It is notable that the role of TIMELSS in the progression of BC has not been well-characterized until these few years5760. The overexpression of TIMELSS upregulated the expression and the trans-activity of the well-known oncogene MYC. Inhibition of MYC significantly blocked the effects of TIM on cancer stem cell population, cell invasion and anchor-independent cell growth60. Therefore, the functional gene–gene interactions in the pathway warrant further study to understand more about the mechanism of BC progression.

CCNA2 is a regulator of the cell cycle61. Its overexpression increased BC proliferation62 and is an early/transient/proliferation response biomarker63 for the prognosis of ER + BC and the monitoring of tamoxifen efficacy38.

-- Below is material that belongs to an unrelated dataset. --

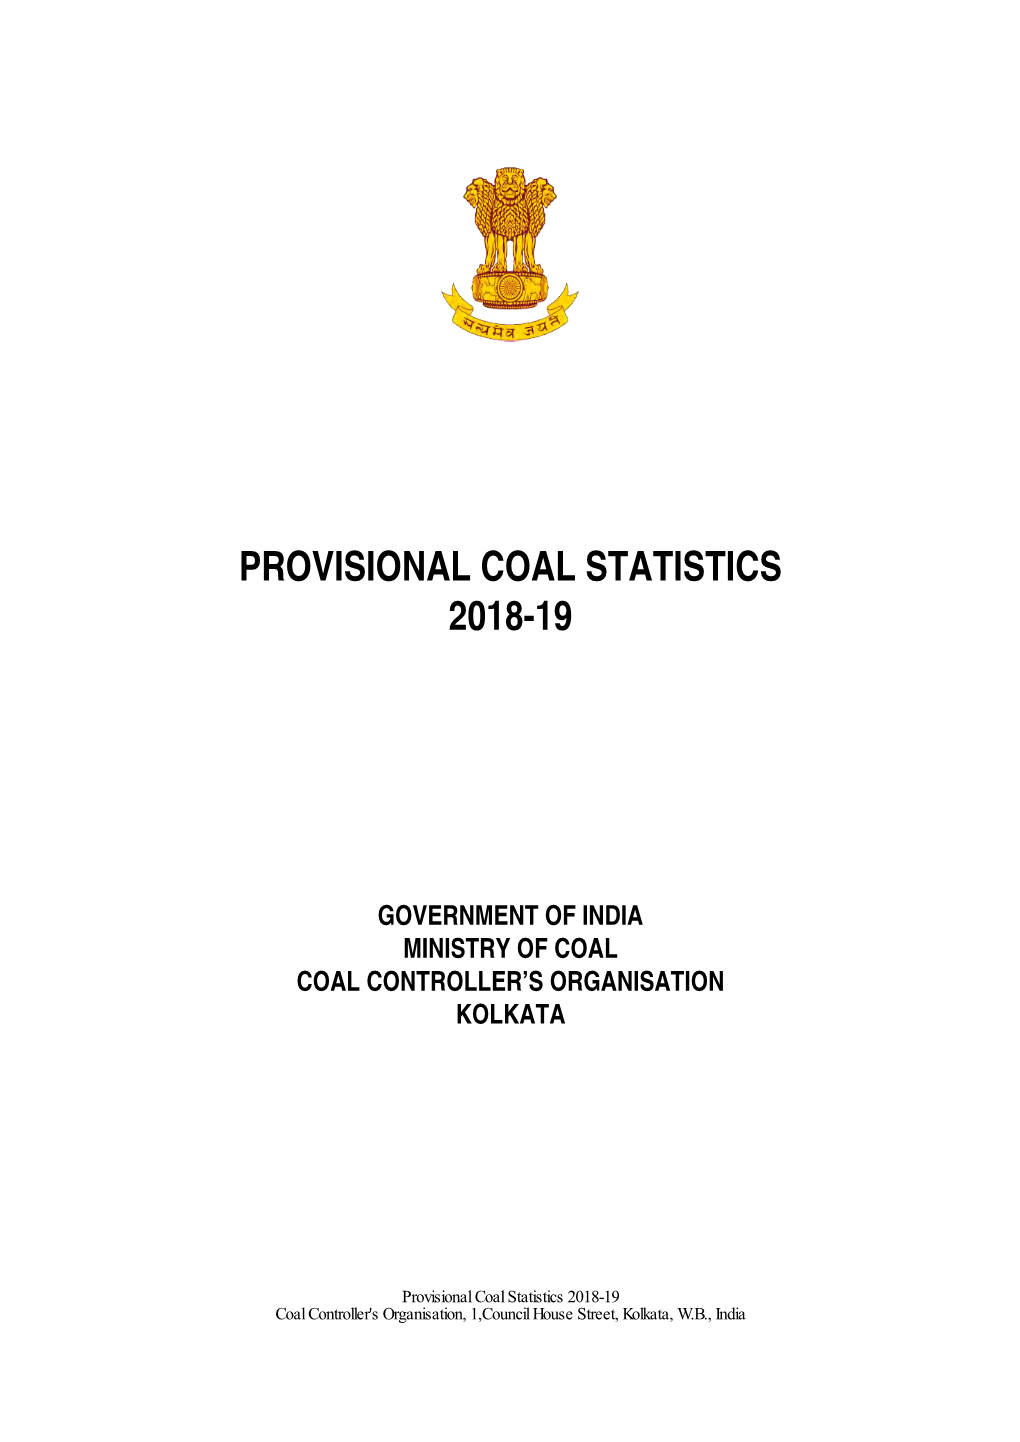 Provisional Coal Statistics 2018-19

CCNE2 has the same function as CCNA2. It might play an important role in acquired trastuzumab resistance in HER2 + breast cancer 40.

RORC (RAR Related Orphan Receptor C) is a suppressor gene46,64,65 associated with BC carcinogenesis. An RORC agonist suppresses breast cancer cell viability, migration, the EMT transition (microsphere outgrowth) and mammosphere-growth64.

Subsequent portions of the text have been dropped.